Our privacy notices contain additional information on retention and deletion that apply specifically to certain processing activities.

If different retention periods or deletion deadlines are specified for the same data, the longest period shall prevail.

If a period does not explicitly begin on a specific date and is at least one year, it automatically starts at the end of the calendar year in which the event that triggered the period occurred.
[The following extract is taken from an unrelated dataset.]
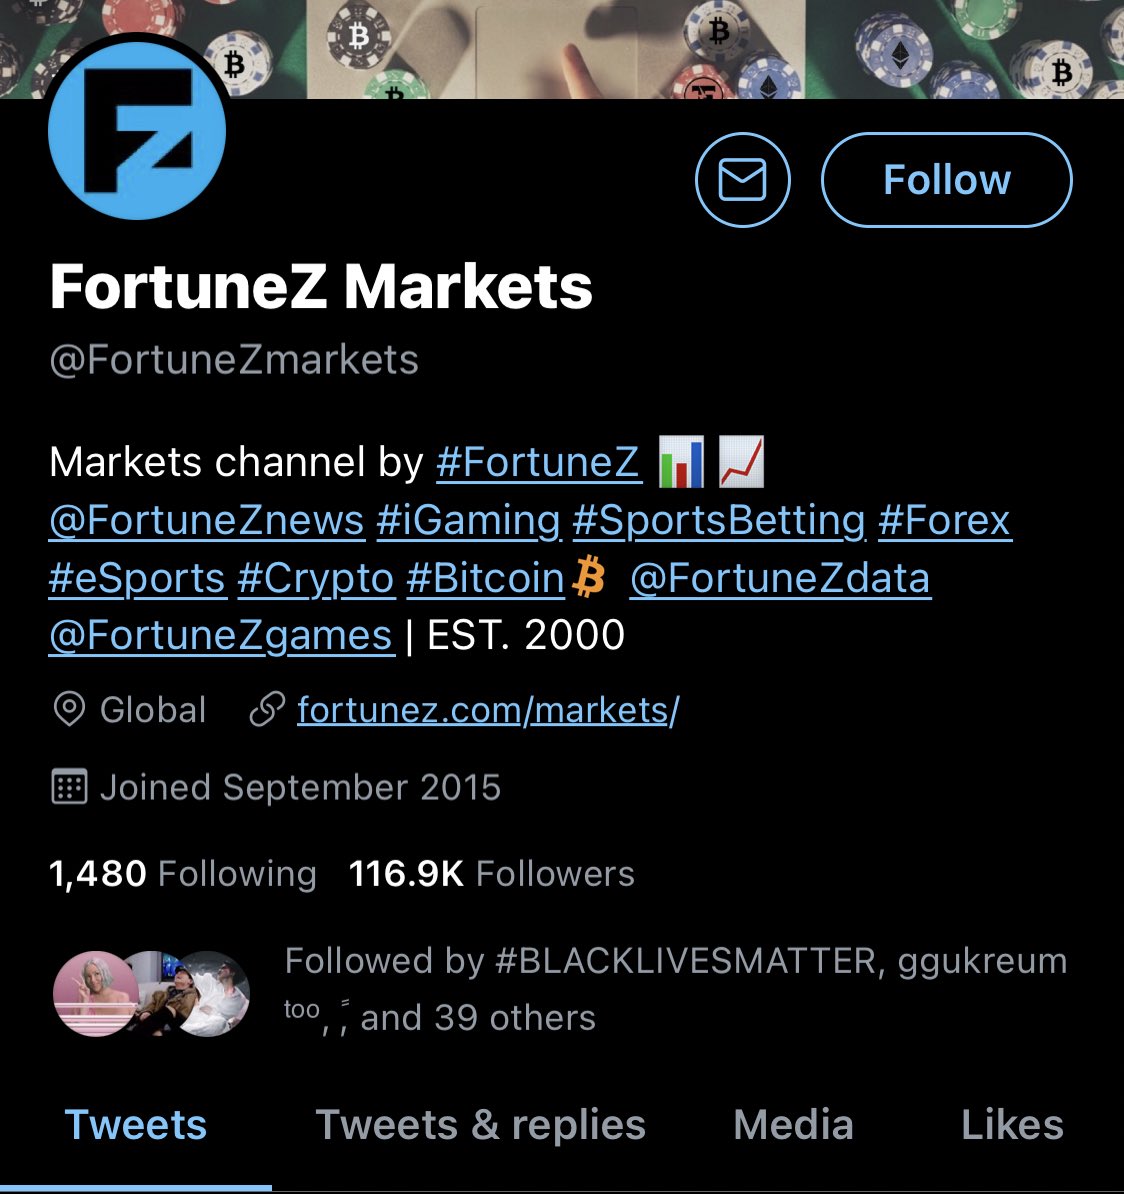 Also I know someone posted about this already, but a lot of armys are still following this account. They were a big army account that has since sold their account to someone else. Feel free to unfollow them!  @FortuneZmarkets

In the case of ongoing contractual relationships in which data is stored, the triggering event is the effective date of termination or other ending of the legal relationship.
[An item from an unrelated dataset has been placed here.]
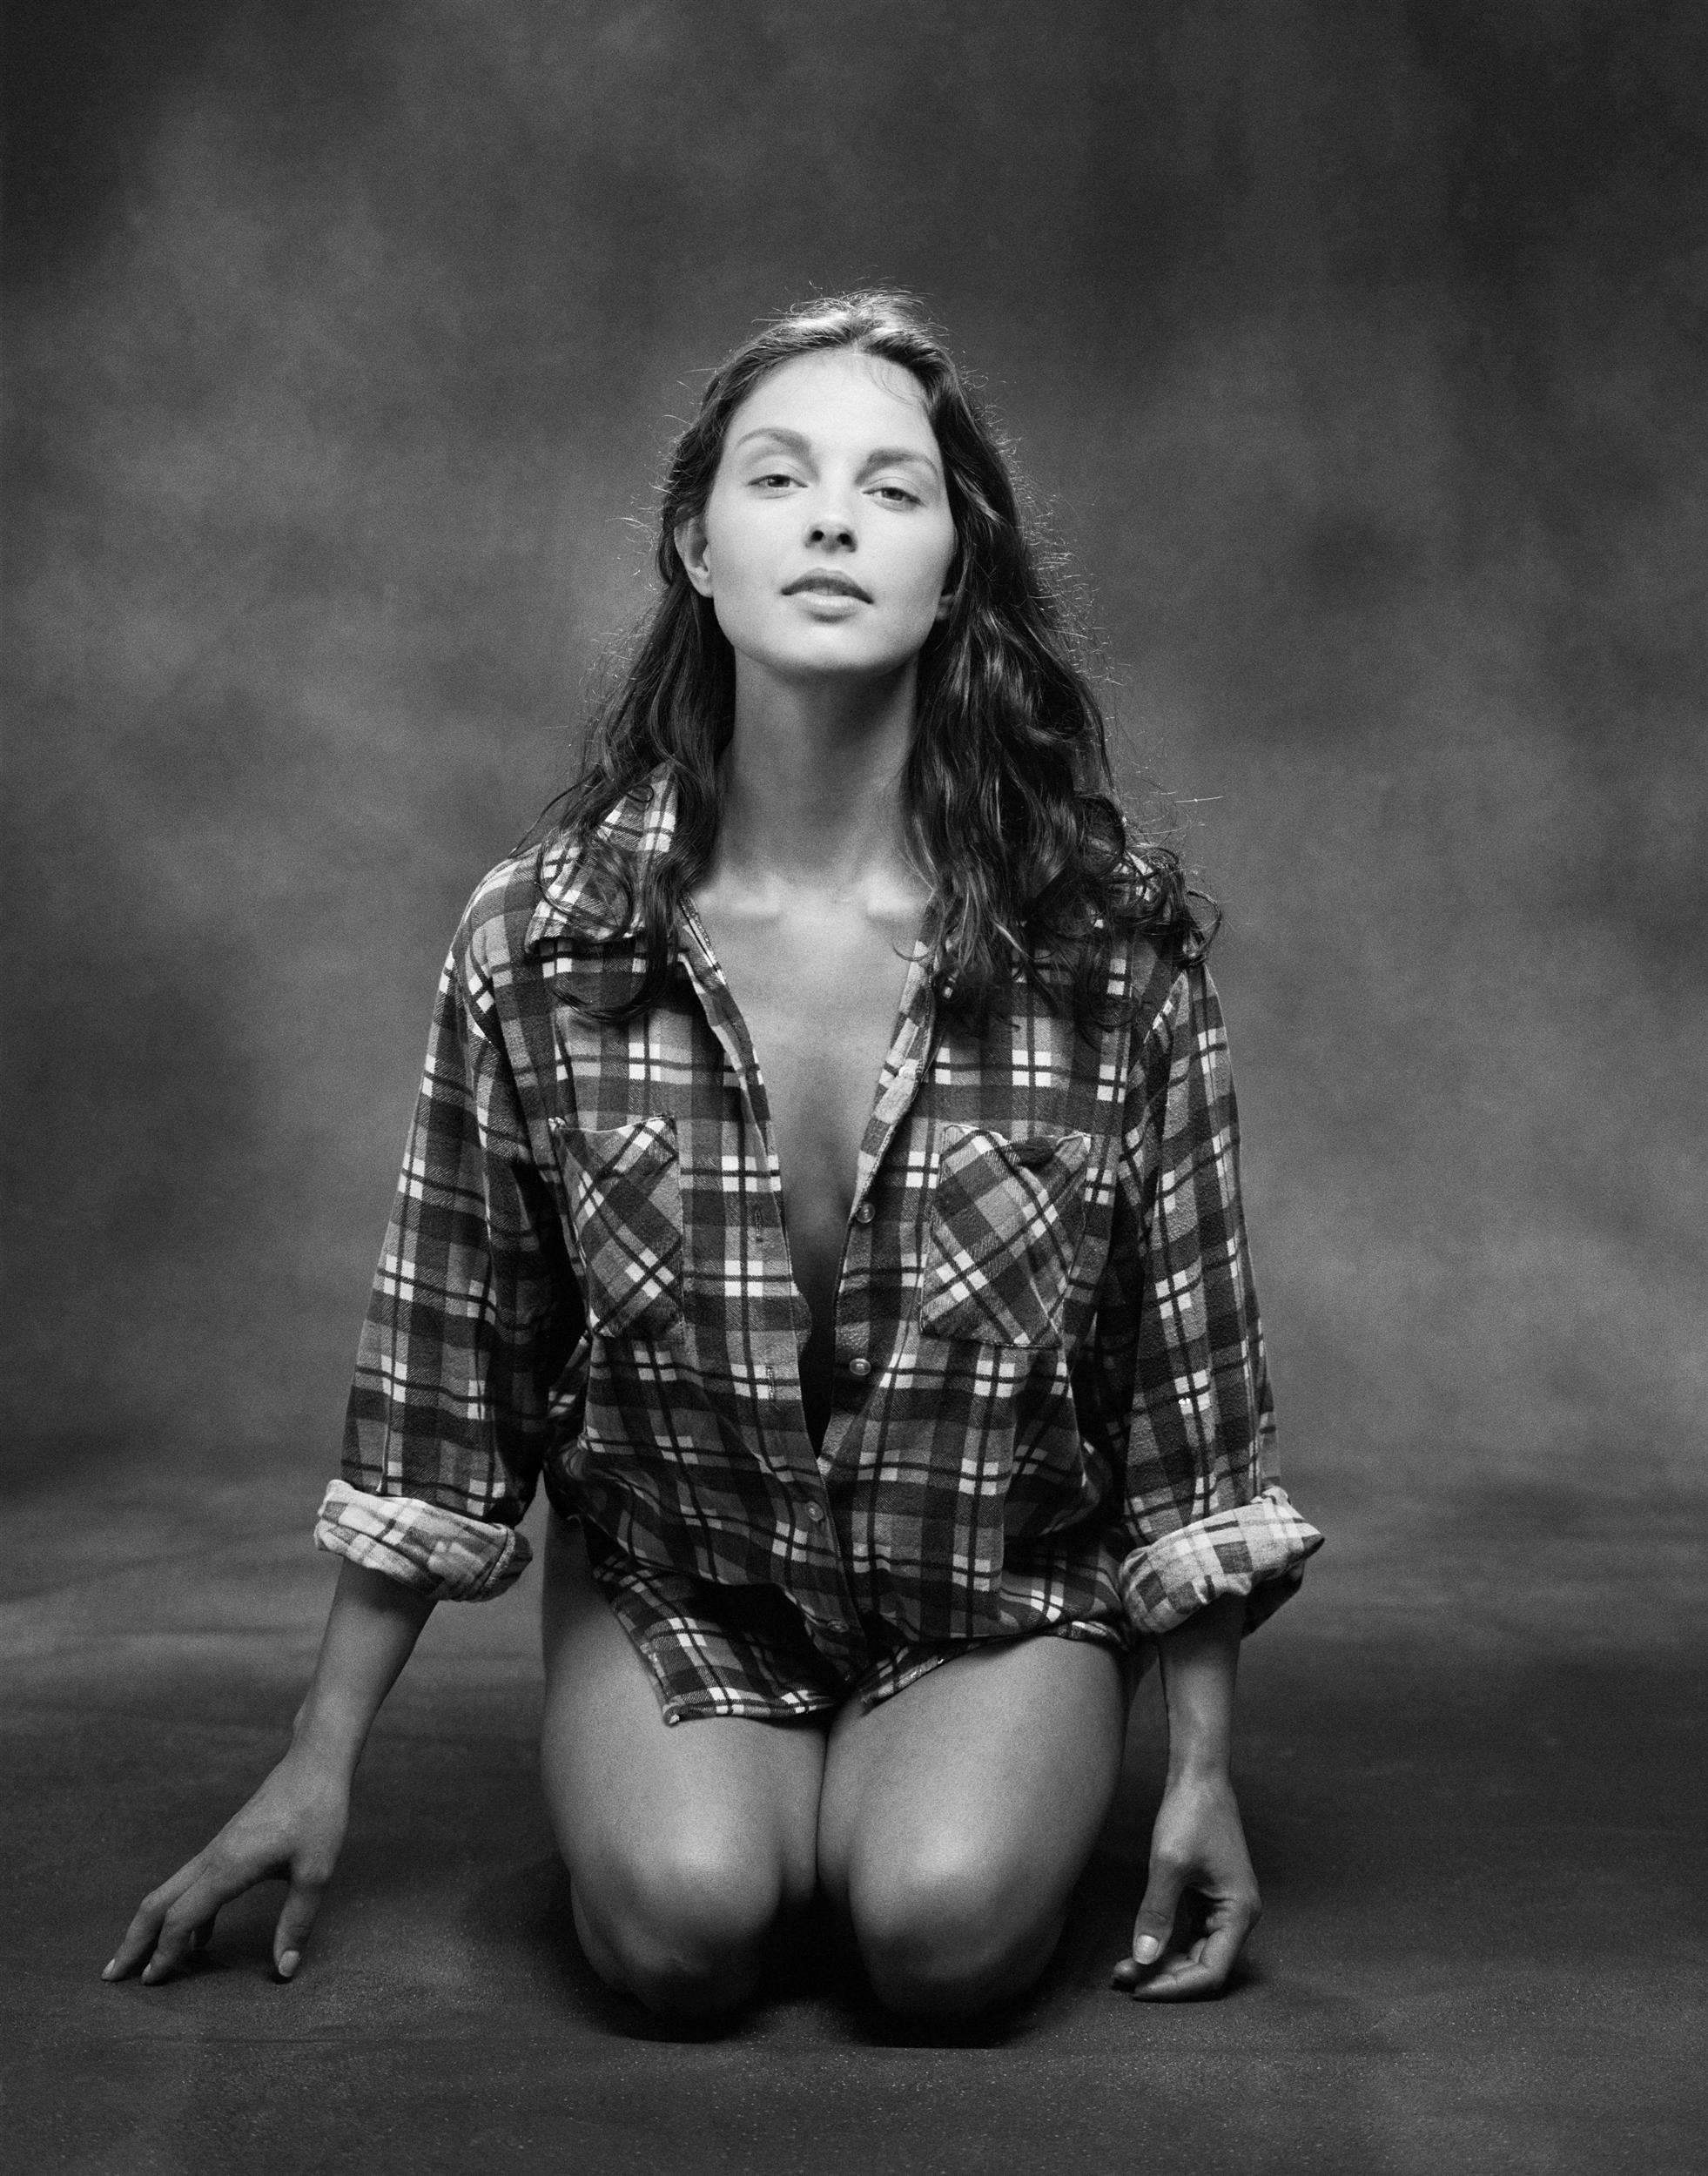 1600x1000  1600x1000 ashley judd wallpaper for computer   Coolwallpapersme

Data that is no longer required for the original purpose but is retained due to legal obligations or other reasons will be processed exclusively for the purposes that justify its retention.

Rights of data subjects

Rights of data subjects under the GDPR: As a data subject, you have various rights under the GDPR, in particular under Articles 15 to 21 GDPR:

• Right to object: You have the right, for reasons arising from your particular situation, to object at any time to the processing of your personal data carried out on the basis of Article 6 (1) (e) or (f) GDPR; this also applies to profiling based on these provisions. If your personal data is processed for direct‑marketing purposes, you have the right to object at any time to the processing of your personal data for such advertising; this also applies to profiling insofar as it is related to such direct marketing.
• Right to withdraw consent: You have the right to withdraw any consent you have given at any time.
• Right of access: You have the right to obtain confirmation as to whether or not personal data concerning you is being processed and, where that is the case, to obtain access to the data and further information in accordance with legal requirements.
• Right to rectification: You have the right, in accordance with the law, to request the completion of data concerning you or the rectification of inaccurate data concerning you.
• Right to erasure and restriction of processing: You have the right, in accordance with the law, to request that data concerning you be erased without undue delay, or alternatively, in accordance with the law, to request restriction of processing of the data.
• Right to data portability: You have the right to receive the personal data concerning you, which you have provided to us, in a structured, commonly used and machine‑readable format, or to request its transmission to another controller, in accordance with the law.
• Right to lodge a complaint with a supervisory authority: In accordance with the law and without prejudice to any other administrative or judicial remedy, you have the right to lodge a complaint with a data‑protection supervisory authority, in particular in the Member State of your habitual residence, place of work or place of the alleged infringement, if you consider that the processing of personal data concerning you infringes the GDPR.